In 2002, Congress passed the Sarbanes-Oxley Act in the wake of corporate scandals at Enron and WorldCom. That bill tightened financial reporting and compliance standards for public companies, prompting a boomlet in the market for specialized software.

Forrester Research analyst Michael Rasmussen likened the Oracle-SAP rivalry to a prize fight.

“Oracle launched itself into the governance, risk, and compliance market to go toe-to-toe against SAP,” he wrote in a June research note. “Oracle's strength is in the content and process management for GRC, while SAP shines in automated process and access controls. As these large rivals battle one another, neither can afford to ignore the smaller, nimble vendors in this space.”

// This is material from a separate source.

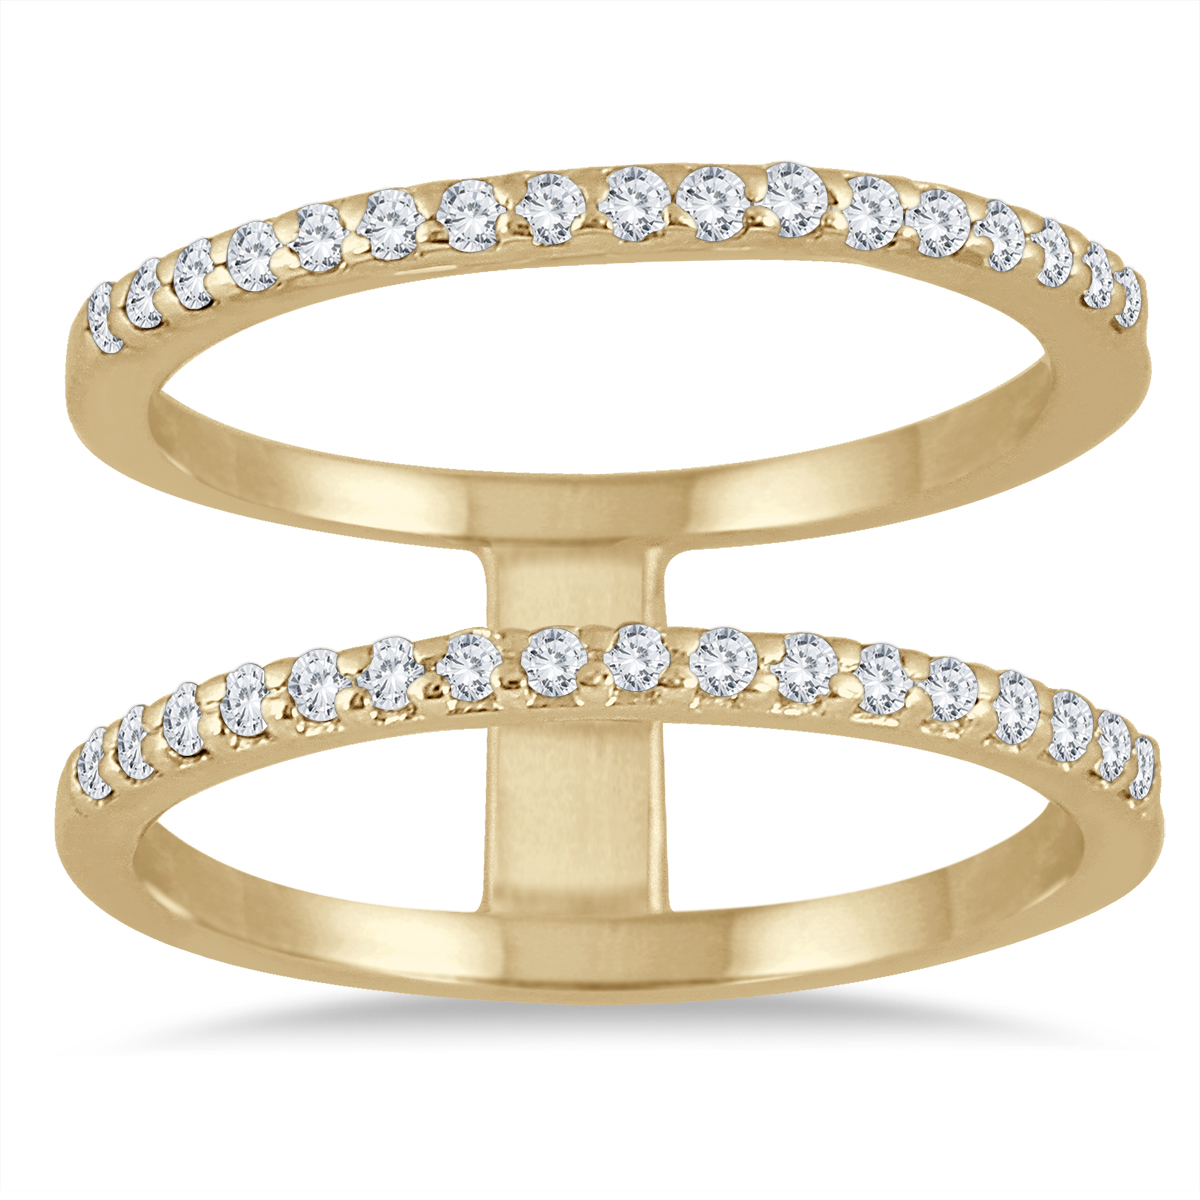 Image of 1/3 Carat TW Diamond Double Row Ring in 10K Yellow Gold

In 2006, SAP made its own governance and compliance acquisition, snagging Virsa Systems for an undisclosed amount.

LogicalApps software was tailored to work with Oracle business applications, but in a statement on the acquisition, an Oracle executive said the company plans to extend its governance software to work with business software from JD Edwards, Hyperion, SAP and other non-Oracle applications.

“Oracle continues to be committed to plans for building a comprehensive, open and integrated enterprise governance, risk, and compliance application suite designed for heterogeneous environments,” said James Wookey, Oracle’s senior vice president of applications development.

Seven-year-old LogicalApps, whose lengthy customer list includes Cisco Systems, General Dynamics, and California Institute of Technology, took only one round of venture capital before its acquisition. In that funding, Sequoia and Mission injected a $14 million first round in October 2005 to expand sales and marketing.